To evaluate the overall impact of changes in multiple metrics, we define a potential climate damage index (PCDI) that synthesizes the six key climate metrics outlined in section 2.2. PCDI is the number of climate metrics that show trends in a direction that has potential to adversely impact the yield, quality aspects such as sweetness, color, cosmetic damage, storability or other characteristics that affect marketability. This index highlights regions where apple production may face increased risks due to climatic trends. Here, we assume that positive trends in cold degree days, GDD during bud-break and bloom, GDD for overall growth, extreme heat days, and warm nights, and negative trends in CPs have the potential for negative impacts. An additional assumption is that local production is adapted to local climatology. We note the caveat here that the impact of these climate trends on apple production characteristics can vary across different regions of the U.S. For instance, increased GDD might be beneficial in colder regions while detrimental in relatively warmer southern regions.

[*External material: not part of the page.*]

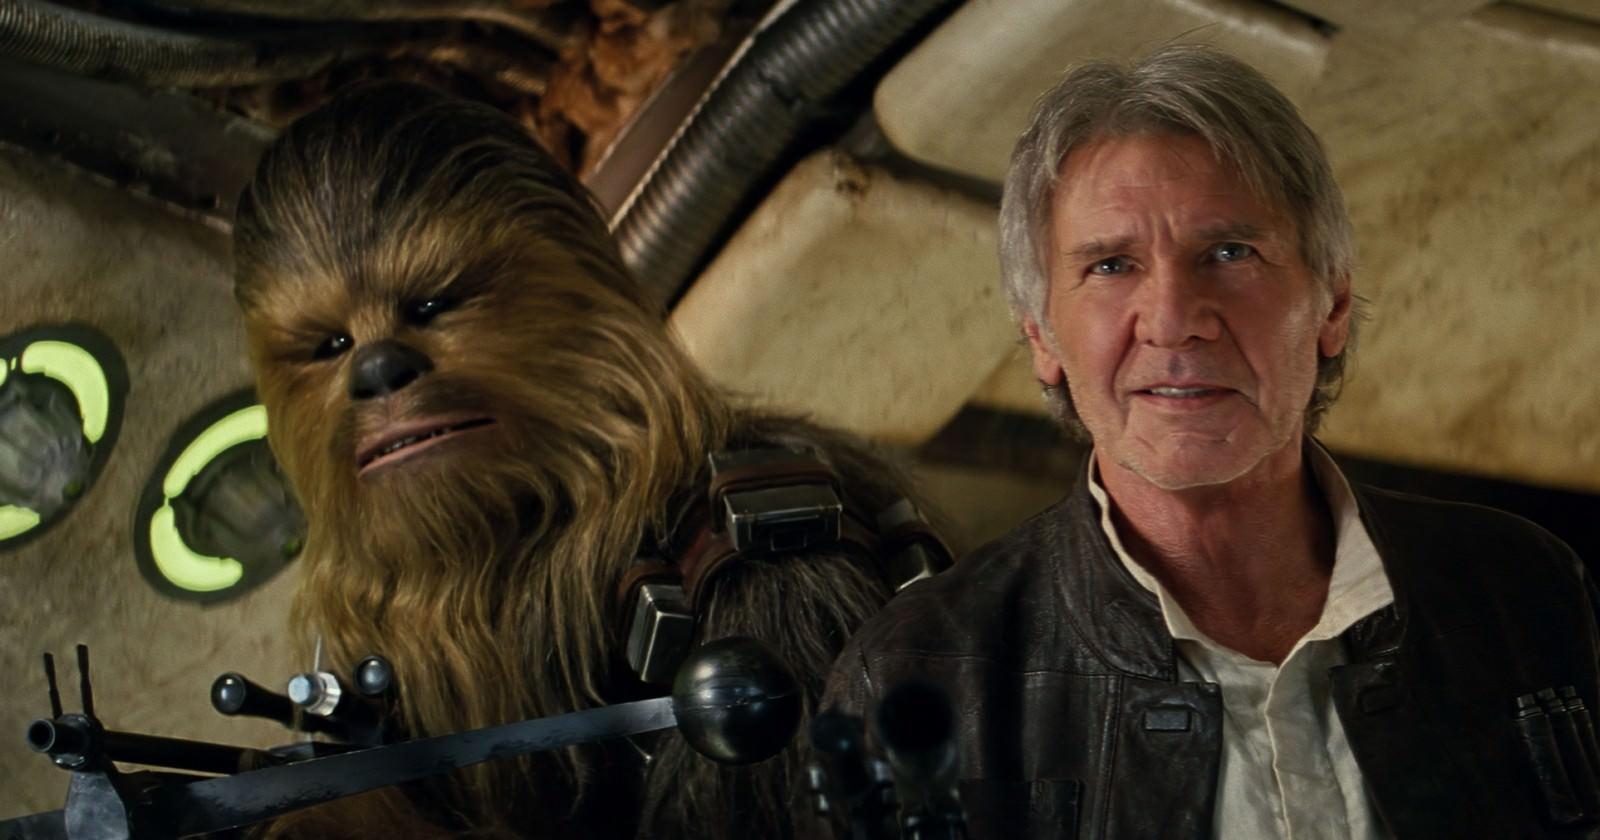 Movie, Star Wars: The Force Awakens(美國, 2015) / STAR WARS:原力覺醒(台灣) / 星球大战:原力觉醒(中國) / 星球大戰:原力覺醒(香港), 電影劇照
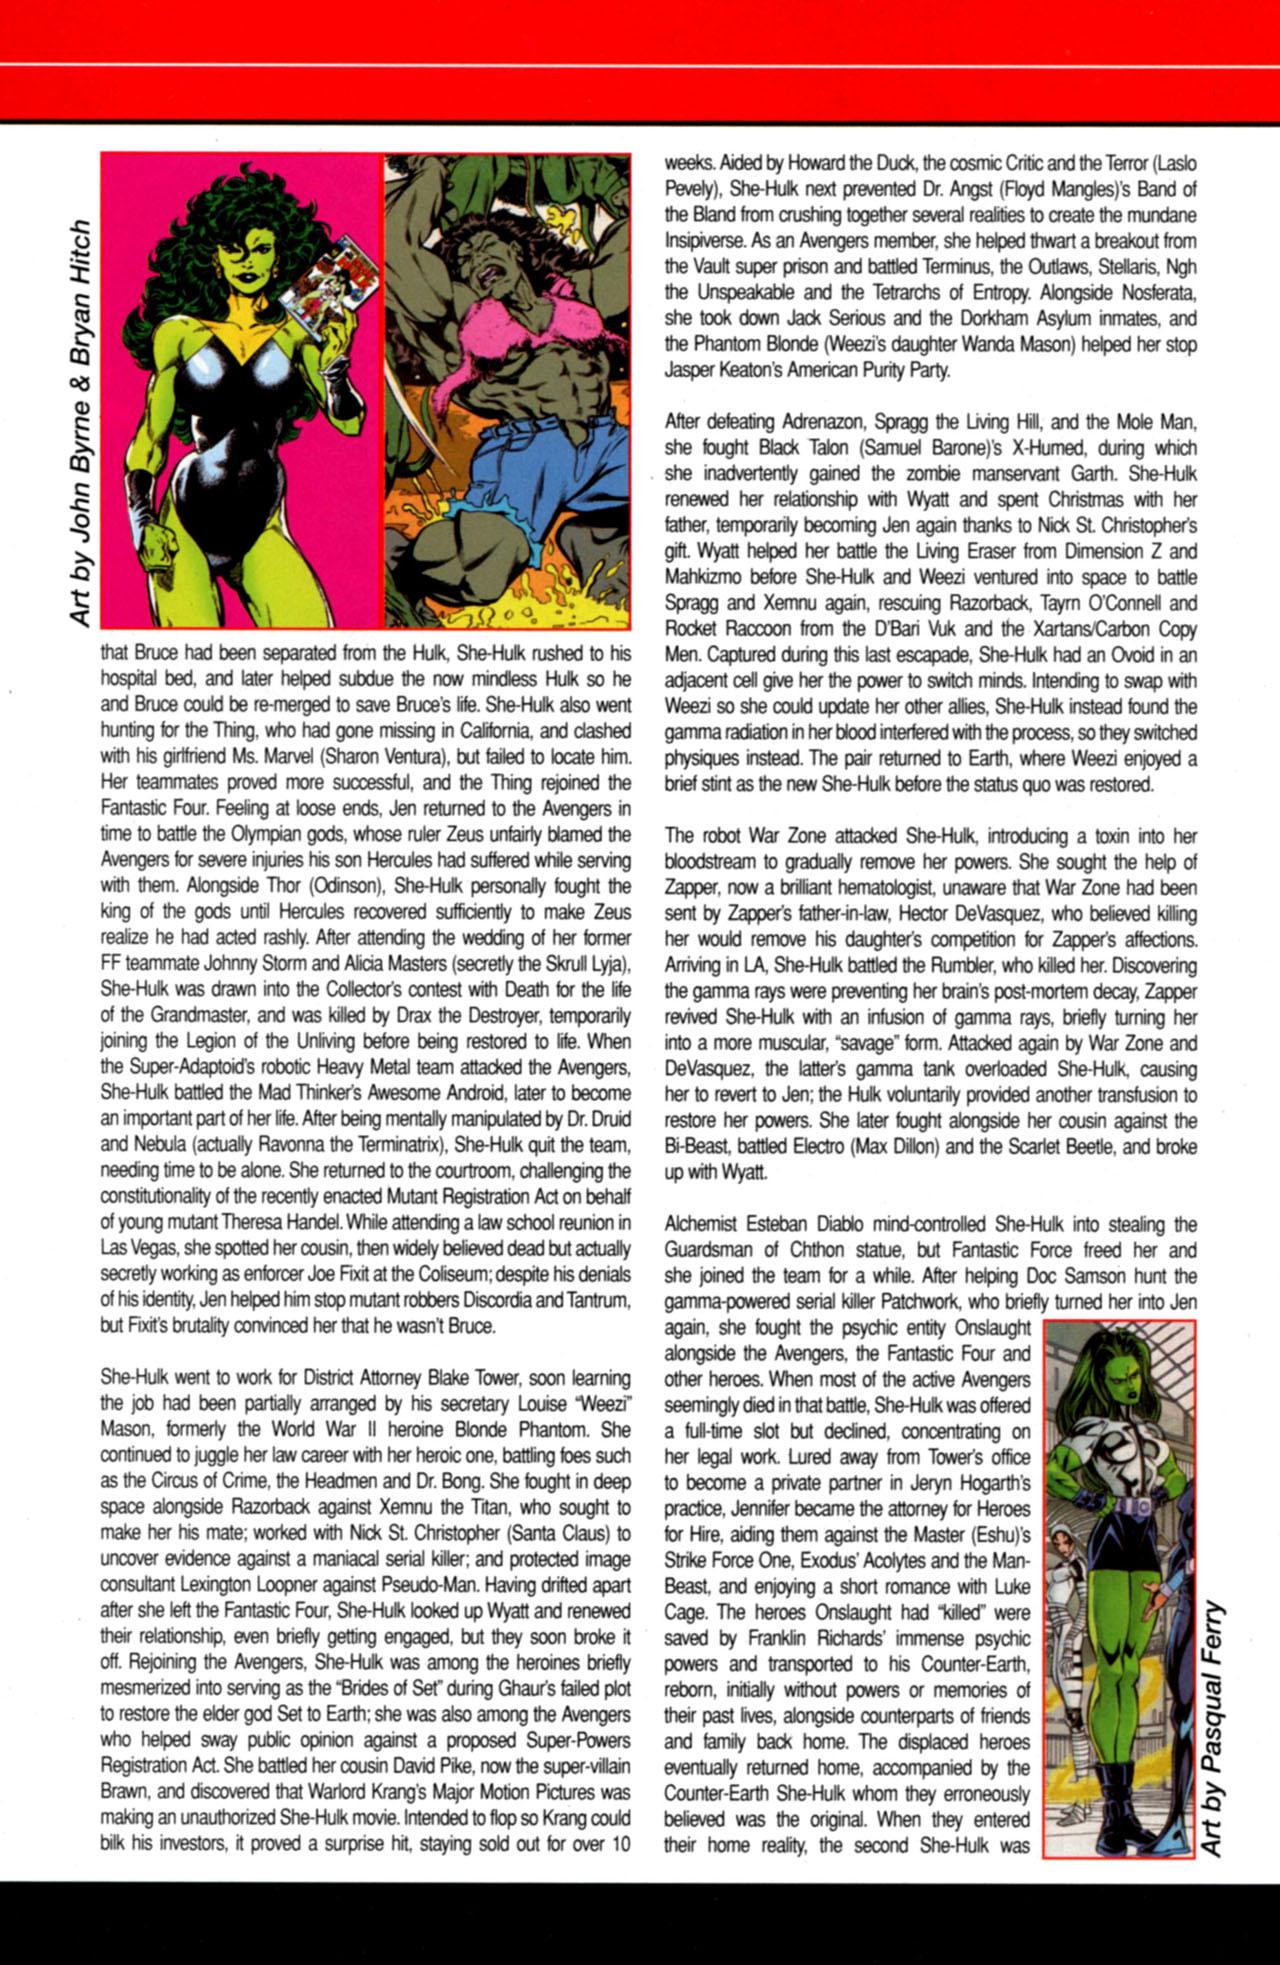 Read online She-Hulks comic -  Issue #1 - 26

Note, we did consider using a weighted index of these metrics. However, these metrics have relevance for different aspects of apple growth and quality and there is no research to justify weights to assign to different metrics.

Figure 3 shows the spatial patterns of the climatology and decadal trends in two metrics—cold degree days that capture the risk of lethal conditions and CPs that capture chilling accumulation that is beneficial for apples. Parts of the Northern Great Plains, Midwest, and Northeast typically experienced an average of 900–1500 cold degree-days per season (figure 3(A)). Several southern states experience fewer cold degree-days (∼0–150). Cold degree-days decreased across most of the northern U.S., with the most pronounced declines of up to 70-degree-days/decade across the Rocky Mountains located in the Northern Great Plains and parts of the Southwest (figure 3(i)).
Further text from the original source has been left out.